While the media portrays the Boehner conflict as a division over strategy and a willingness to be “realistic,” it was really about an agenda.
Michael A. Needham, the CEO of Heritage Action for America, has written about the Boehner conflict for Politico. His piece is a needed corrective to the media’s false story. An excerpt:
The friction of the last several years has not been about differences in tactics. It has been about deep and irreconcilable disagreements over the goals the GOP should pursue. It has been a dispute over how much the center-right should try to disrupt the status quo. Armed with his 245-seat majority, Speaker John Boehner opted against pursuing any reform agenda. He ignored the hopes and dreams of those Republican voters who delivered the GOP control of the House in 2010 and the Senate in 2014 and instead pushed the agenda of Washington’s ruling class.
Needham points out that the “accomplishments” that Boehner’s advocates point to prove his case.
But take a look what the House has done this year and it’s not hard to understand conservatives’ frustrations with the Speaker’s leadership: a permanent “doc fix” that increases Medicare spending over the next two decades by $500 billion and took crucial leverage for Medicare reform off the table forever; a House-passed reauthorization of No Child Left Behind despite the objections of conservatives advocating reforms to eliminate Department of Education mandates. Not a single Republican ran on these priorities in 2014, yet aside from small-ball bills addressing business community concerns like authorization of the Keystone XL pipeline, they’ve been the central pillars of the Republican agenda.
In other words, despite Republicans delivering a huge victory to Republicans, the Democrats somehow still seemed to control the Senate.
The main good news is that the Conservatives prevented Boehner from delivering a worse betrayal to the grass-roots by working out a “grand bargain” that massively increased spending.
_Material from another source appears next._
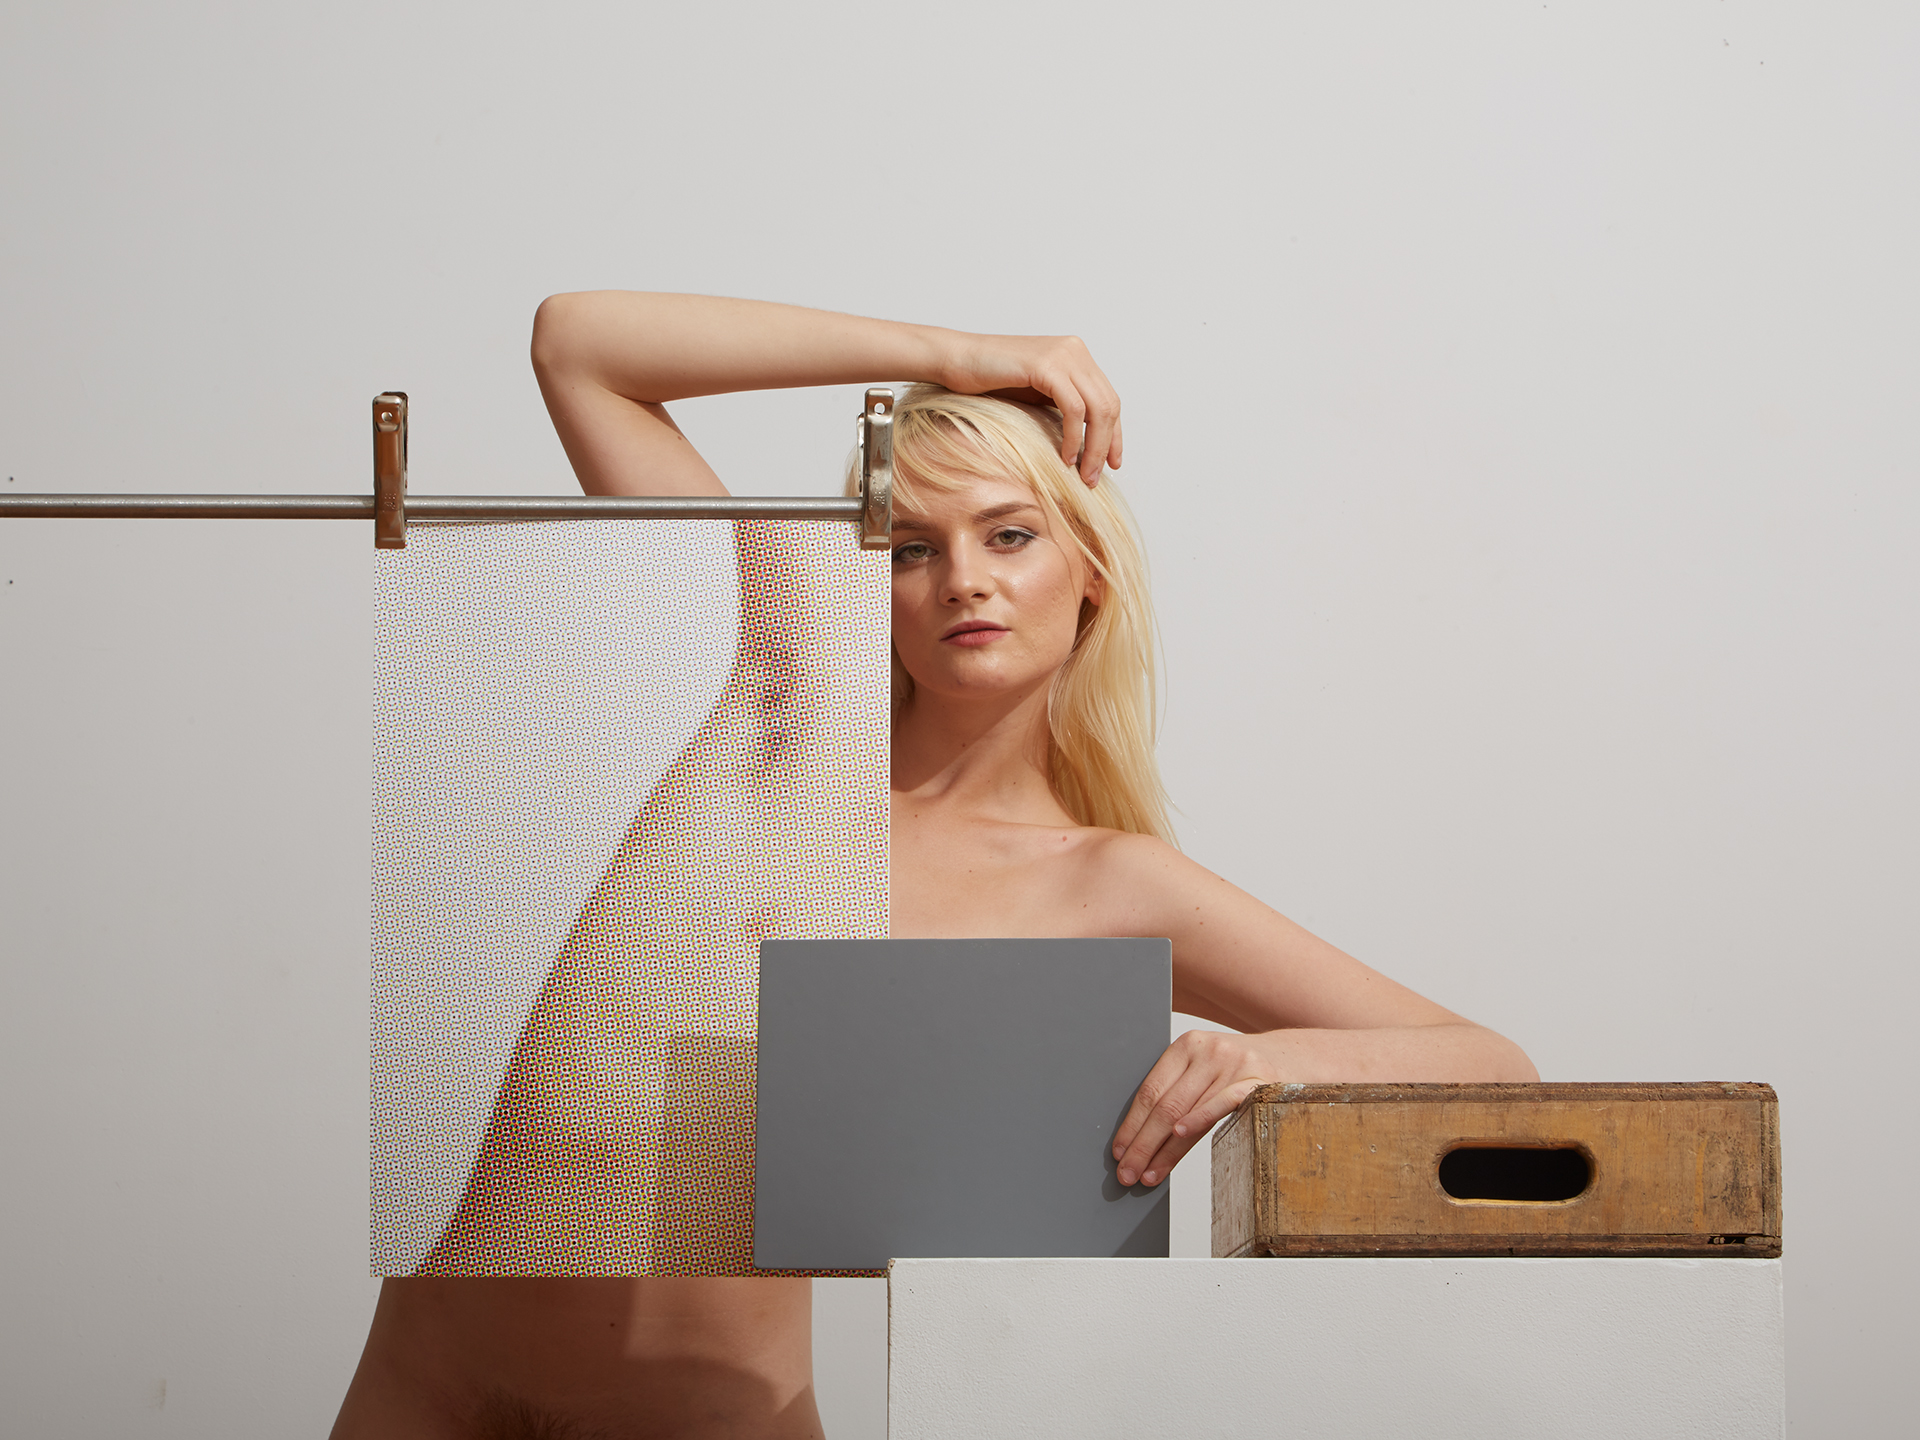 Erin with Halftone Self Portrait and Half Apple Box  2015

Speaker Boehner’s decision to step down empowers rank-and-file lawmakers to embrace the conservative grassroots and increases the likelihood the party will actually fight for conservative policy priorities and our Constitution. But that will not happen through inertia. It will take the concerted effort of lawmakers, staffers and conservative constituents to ensure the meaning of the moment is not lost.
Let’s pray that happens. And let’s remember, if getting rid of Boehner was really likely to be such a disaster for the Republican Party, the media would be in favor of getting rid of him. The fact that they are treating Boehner as a rejected hero should give you a hint that he was playing for the wrong team.